American blues musician (1938–2008)

Robert June Ward Sr. (October 15, 1938 – December 25, 2008) was an American blues and soul guitarist. He was known for founding the Ohio Untouchables, the band that later would become the Ohio Players. He played the guitar with a unique tone soaked in vibrato coming from a Magnatone amplifier.

==Biography==
Born in Luthersville, Georgia, he moved to Dayton, Ohio in 1960 and formed the Ohio Untouchables. The group released several singles on LuPine including "Your Love Is Amazing" which would become one of Ward's signature songs. They also recorded the guitar workout, "Forgive Me Darling", which was loosely modelled on Bo Diddley's, "I'm Sorry". Ward left the group in 1965.

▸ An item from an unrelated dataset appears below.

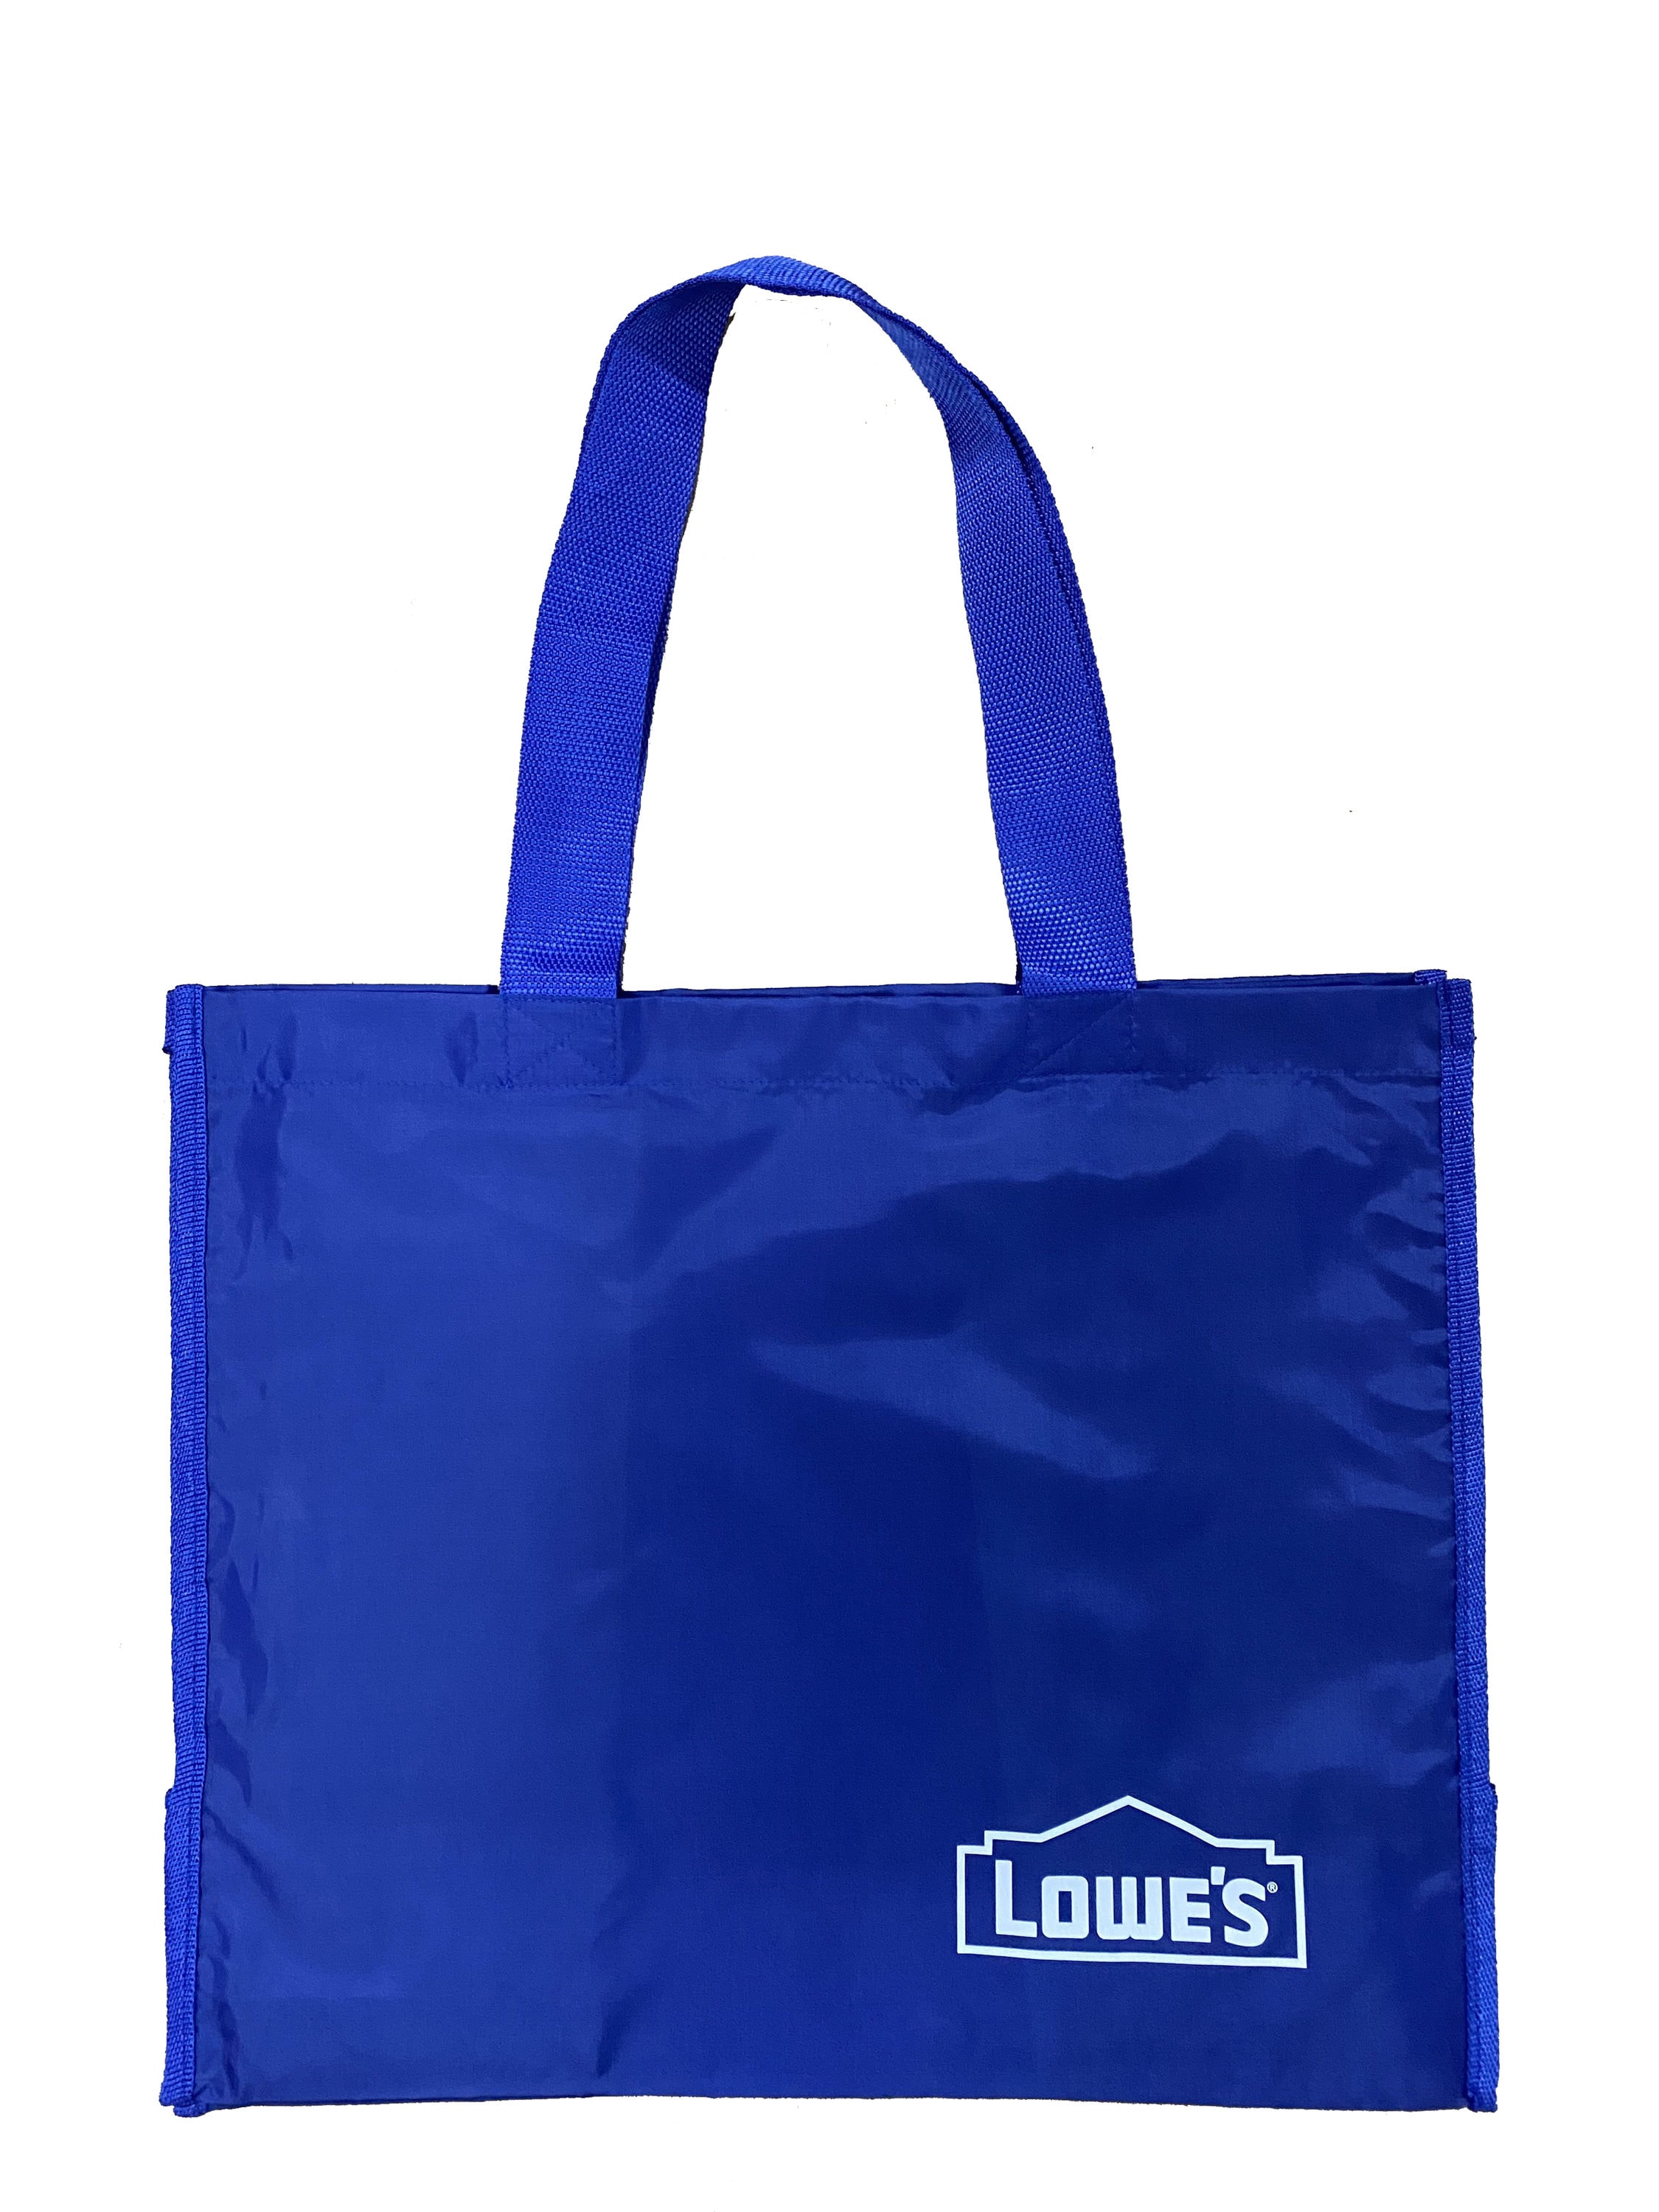 3 LARGE 2.5 Gallon Plastic STORAGE Vlear Bags Handle Bag 15x15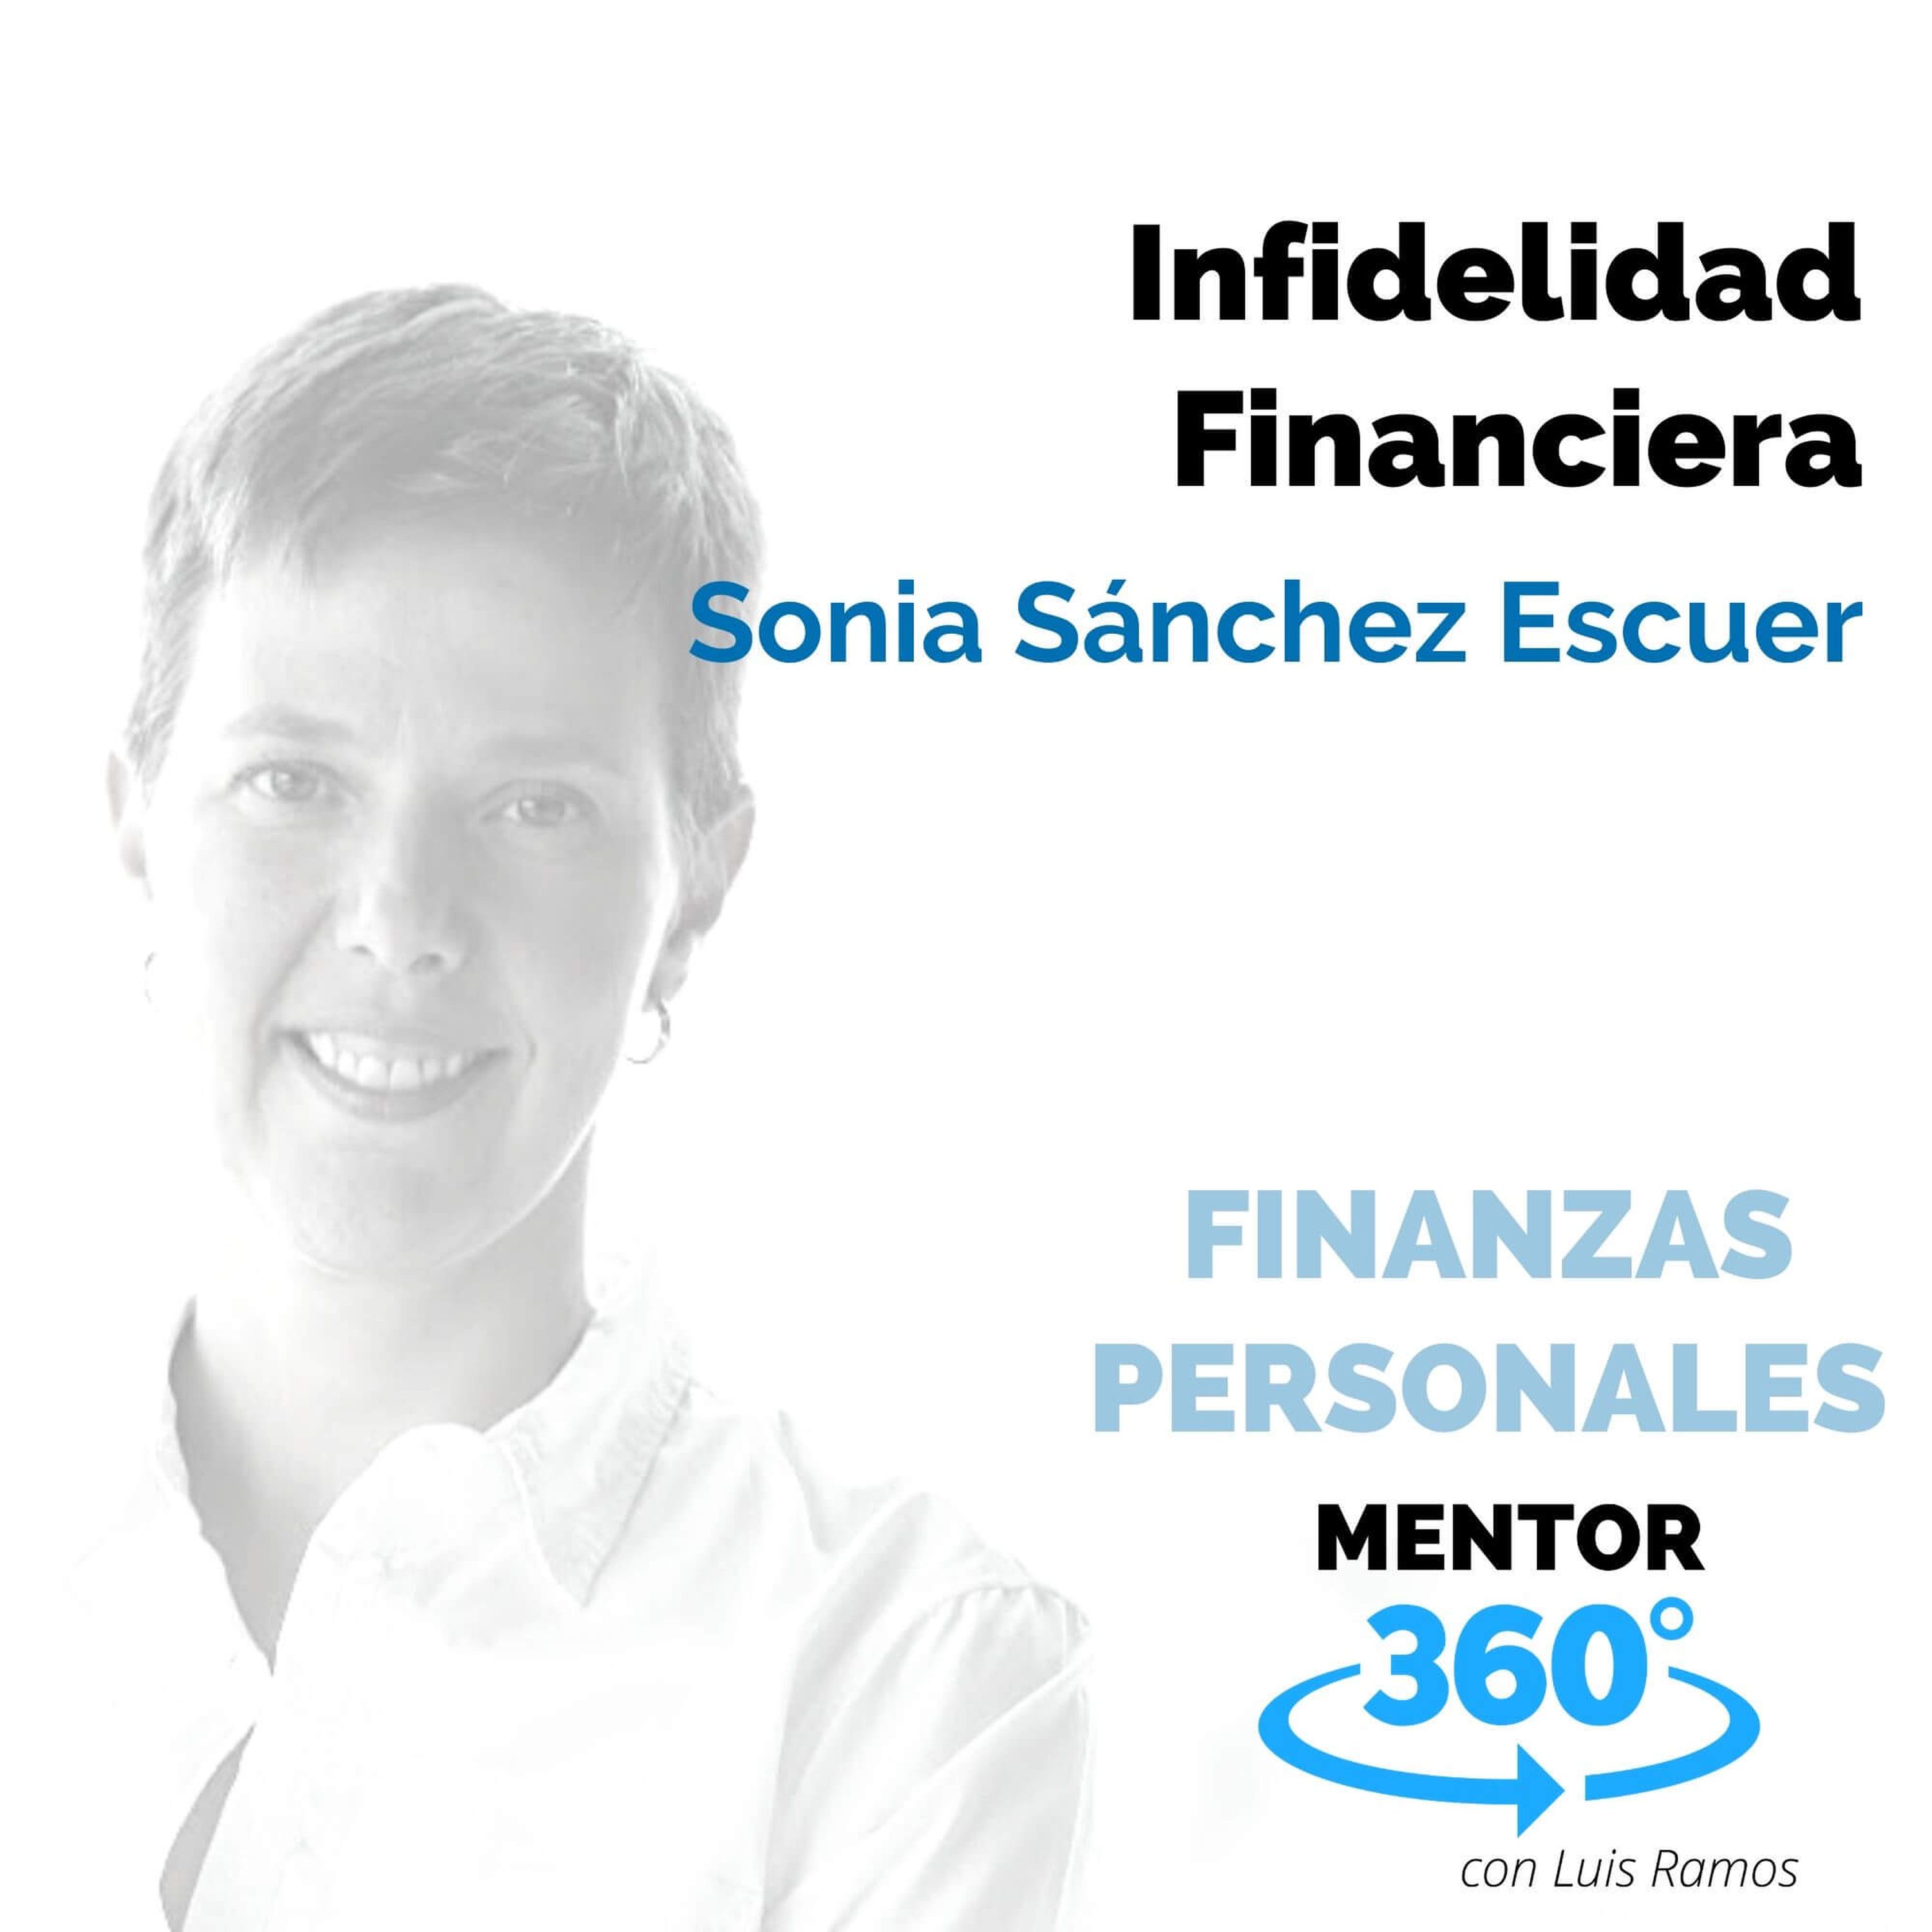 Infidelidad Financiera, con Sonia Sánchez Escuer - FINANZAS PERSONALES

He moved to the Detroit area, actually residing in Toledo, Ohio, and released singles under his name in the late 1960s. He disappeared from the music scene in the 1970s, after working as a session player for Motown. In 1977, both his wife and mother died, and Ward relocated to Grantville, Georgia.

In the early 1990s he returned to the spotlight. He was rediscovered by Black Top Records and released his first solo album Fear No Evil in 1991. It included a re-recording of "Forgive Me Darling". He released two more albums in the next four years for the label. In the mid-1990s he did limited touring, including a date in Minneapolis with Curtis Obeda and The Butanes, and several dates in Michigan including Kalamazoo, Three Rivers and Grand Rapids. After the label went defunct in the late 1990s, WRKR Kalamazoo blues DJ Marty Spaulding, who Robert had appointed his manager, arranged a recording contract with Delmark Records to release New Role Soul in 2000. In his last years he had health problems, including two strokes, which prevented him from performing or recording.

On December 25, 2008, Ward died at his home in Dry Branch, Georgia.

==Discography==
- 1991: Fear No Evil (Black Top)
- 1993: Rhythm of the People (Black Top)
- 1995: Hot Stuff (Relic), a collection of his early sides from the 1960s
- 1995: Black Bottom (Black Top)
- 2000: New Role Soul (Delmark)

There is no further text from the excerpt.